» AIM OF THE EXERCISE:
Every line in the listing below that holds the word "Karat" should be returned.

_ _ _

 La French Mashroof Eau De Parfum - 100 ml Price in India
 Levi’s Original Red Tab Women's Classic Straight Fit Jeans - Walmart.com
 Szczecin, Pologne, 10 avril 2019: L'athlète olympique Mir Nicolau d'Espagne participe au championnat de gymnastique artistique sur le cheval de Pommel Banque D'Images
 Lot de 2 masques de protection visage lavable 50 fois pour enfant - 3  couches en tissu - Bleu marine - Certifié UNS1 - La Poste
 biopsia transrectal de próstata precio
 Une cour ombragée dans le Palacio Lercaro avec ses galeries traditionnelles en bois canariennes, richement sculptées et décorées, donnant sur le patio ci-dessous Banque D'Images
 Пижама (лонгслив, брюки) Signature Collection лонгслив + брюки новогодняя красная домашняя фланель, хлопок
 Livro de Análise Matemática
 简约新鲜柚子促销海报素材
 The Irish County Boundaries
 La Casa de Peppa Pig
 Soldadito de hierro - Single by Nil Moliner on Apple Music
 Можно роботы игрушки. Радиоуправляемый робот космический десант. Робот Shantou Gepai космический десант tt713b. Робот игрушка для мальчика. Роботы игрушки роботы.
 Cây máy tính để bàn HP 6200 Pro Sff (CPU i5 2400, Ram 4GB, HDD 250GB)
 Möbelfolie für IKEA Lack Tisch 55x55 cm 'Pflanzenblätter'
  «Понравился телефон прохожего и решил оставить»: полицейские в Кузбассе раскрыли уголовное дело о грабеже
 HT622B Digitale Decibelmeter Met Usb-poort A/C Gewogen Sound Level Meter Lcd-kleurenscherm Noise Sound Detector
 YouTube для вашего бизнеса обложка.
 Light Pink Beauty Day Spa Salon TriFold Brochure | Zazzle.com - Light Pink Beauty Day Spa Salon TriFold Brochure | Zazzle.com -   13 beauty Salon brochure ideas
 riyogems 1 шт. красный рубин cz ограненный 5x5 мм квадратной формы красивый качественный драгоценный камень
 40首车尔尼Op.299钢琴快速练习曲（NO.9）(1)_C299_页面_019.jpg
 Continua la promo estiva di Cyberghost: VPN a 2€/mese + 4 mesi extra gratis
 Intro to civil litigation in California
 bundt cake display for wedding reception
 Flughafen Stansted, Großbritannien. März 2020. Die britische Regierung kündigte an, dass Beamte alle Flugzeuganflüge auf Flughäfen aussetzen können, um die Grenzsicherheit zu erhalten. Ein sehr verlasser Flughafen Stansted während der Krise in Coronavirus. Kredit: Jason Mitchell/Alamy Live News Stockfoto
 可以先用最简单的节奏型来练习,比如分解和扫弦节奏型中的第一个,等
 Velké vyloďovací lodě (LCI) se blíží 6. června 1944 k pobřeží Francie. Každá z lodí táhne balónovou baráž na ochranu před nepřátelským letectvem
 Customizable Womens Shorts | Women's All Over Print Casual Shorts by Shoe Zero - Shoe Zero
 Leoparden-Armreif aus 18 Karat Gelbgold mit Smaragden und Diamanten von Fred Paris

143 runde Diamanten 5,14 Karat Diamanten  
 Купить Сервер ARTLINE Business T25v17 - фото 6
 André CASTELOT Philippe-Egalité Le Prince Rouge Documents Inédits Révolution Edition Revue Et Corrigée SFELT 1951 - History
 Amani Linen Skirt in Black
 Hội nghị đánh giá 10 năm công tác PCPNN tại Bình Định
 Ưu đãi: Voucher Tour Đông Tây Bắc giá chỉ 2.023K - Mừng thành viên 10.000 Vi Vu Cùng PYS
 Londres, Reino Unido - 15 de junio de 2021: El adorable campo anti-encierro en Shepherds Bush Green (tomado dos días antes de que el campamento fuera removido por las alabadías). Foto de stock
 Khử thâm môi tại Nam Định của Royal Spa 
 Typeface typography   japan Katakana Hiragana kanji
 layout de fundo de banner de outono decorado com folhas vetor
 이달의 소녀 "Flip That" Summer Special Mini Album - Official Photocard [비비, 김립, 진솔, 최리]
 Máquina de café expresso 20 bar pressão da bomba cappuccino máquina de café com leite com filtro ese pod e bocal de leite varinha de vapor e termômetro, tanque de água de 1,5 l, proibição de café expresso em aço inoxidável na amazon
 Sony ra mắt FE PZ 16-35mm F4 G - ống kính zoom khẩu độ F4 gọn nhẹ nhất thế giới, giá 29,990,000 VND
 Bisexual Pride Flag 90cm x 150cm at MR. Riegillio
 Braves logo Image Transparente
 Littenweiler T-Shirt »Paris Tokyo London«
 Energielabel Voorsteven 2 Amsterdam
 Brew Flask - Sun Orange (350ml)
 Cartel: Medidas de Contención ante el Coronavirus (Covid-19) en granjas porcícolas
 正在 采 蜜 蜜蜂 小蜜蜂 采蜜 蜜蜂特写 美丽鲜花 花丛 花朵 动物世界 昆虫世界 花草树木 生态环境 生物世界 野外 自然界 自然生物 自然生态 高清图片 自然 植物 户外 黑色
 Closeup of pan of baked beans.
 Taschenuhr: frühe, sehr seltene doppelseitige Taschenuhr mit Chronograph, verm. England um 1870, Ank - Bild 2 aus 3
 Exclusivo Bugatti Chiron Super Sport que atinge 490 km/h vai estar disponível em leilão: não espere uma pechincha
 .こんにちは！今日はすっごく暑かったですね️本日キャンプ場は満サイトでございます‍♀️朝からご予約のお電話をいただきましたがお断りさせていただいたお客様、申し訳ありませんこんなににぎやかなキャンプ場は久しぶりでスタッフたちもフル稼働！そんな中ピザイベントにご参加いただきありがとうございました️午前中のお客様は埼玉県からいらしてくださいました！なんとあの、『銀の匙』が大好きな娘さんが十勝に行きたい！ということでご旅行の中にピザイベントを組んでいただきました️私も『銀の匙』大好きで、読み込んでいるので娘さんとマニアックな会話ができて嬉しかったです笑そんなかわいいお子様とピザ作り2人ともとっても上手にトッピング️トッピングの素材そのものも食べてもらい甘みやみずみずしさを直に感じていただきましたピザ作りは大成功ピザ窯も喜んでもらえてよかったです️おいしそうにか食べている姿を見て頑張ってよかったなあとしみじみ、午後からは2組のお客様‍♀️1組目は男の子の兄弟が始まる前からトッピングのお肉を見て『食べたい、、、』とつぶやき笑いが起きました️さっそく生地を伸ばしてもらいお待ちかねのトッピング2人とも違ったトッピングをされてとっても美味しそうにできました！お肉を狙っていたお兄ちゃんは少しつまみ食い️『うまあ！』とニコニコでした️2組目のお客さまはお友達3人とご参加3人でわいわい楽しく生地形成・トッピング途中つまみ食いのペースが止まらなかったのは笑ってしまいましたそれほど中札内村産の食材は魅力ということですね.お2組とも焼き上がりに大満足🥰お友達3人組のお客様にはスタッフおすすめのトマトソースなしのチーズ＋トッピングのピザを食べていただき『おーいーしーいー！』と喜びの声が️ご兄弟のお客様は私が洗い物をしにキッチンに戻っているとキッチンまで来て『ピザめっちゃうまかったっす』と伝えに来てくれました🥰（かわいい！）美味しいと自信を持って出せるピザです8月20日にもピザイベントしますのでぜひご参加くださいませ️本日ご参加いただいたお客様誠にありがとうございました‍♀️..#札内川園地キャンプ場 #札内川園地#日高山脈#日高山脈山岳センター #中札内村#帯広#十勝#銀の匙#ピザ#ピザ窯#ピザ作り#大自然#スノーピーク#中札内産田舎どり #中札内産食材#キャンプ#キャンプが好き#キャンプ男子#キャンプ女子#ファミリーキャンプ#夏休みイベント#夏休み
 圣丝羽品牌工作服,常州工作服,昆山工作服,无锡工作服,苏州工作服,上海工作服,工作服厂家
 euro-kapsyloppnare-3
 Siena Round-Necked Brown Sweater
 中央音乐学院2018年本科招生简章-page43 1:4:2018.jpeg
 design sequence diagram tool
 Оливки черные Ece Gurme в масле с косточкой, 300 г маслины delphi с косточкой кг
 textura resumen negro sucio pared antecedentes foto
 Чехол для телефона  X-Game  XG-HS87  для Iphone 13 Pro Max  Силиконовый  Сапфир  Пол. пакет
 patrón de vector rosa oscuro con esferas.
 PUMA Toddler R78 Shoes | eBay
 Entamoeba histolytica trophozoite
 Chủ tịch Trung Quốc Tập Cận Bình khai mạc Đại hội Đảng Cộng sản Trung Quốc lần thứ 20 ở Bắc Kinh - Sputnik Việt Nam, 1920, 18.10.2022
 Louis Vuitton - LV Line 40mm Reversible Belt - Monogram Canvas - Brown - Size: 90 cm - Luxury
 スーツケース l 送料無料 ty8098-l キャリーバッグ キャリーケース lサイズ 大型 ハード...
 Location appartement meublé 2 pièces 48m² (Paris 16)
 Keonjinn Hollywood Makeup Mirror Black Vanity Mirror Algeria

_ _ _

» OUTPUT FOR THIS TASK:
 Leoparden-Armreif aus 18 Karat Gelbgold mit Smaragden und Diamanten von Fred Paris
143 runde Diamanten 5,14 Karat Diamanten  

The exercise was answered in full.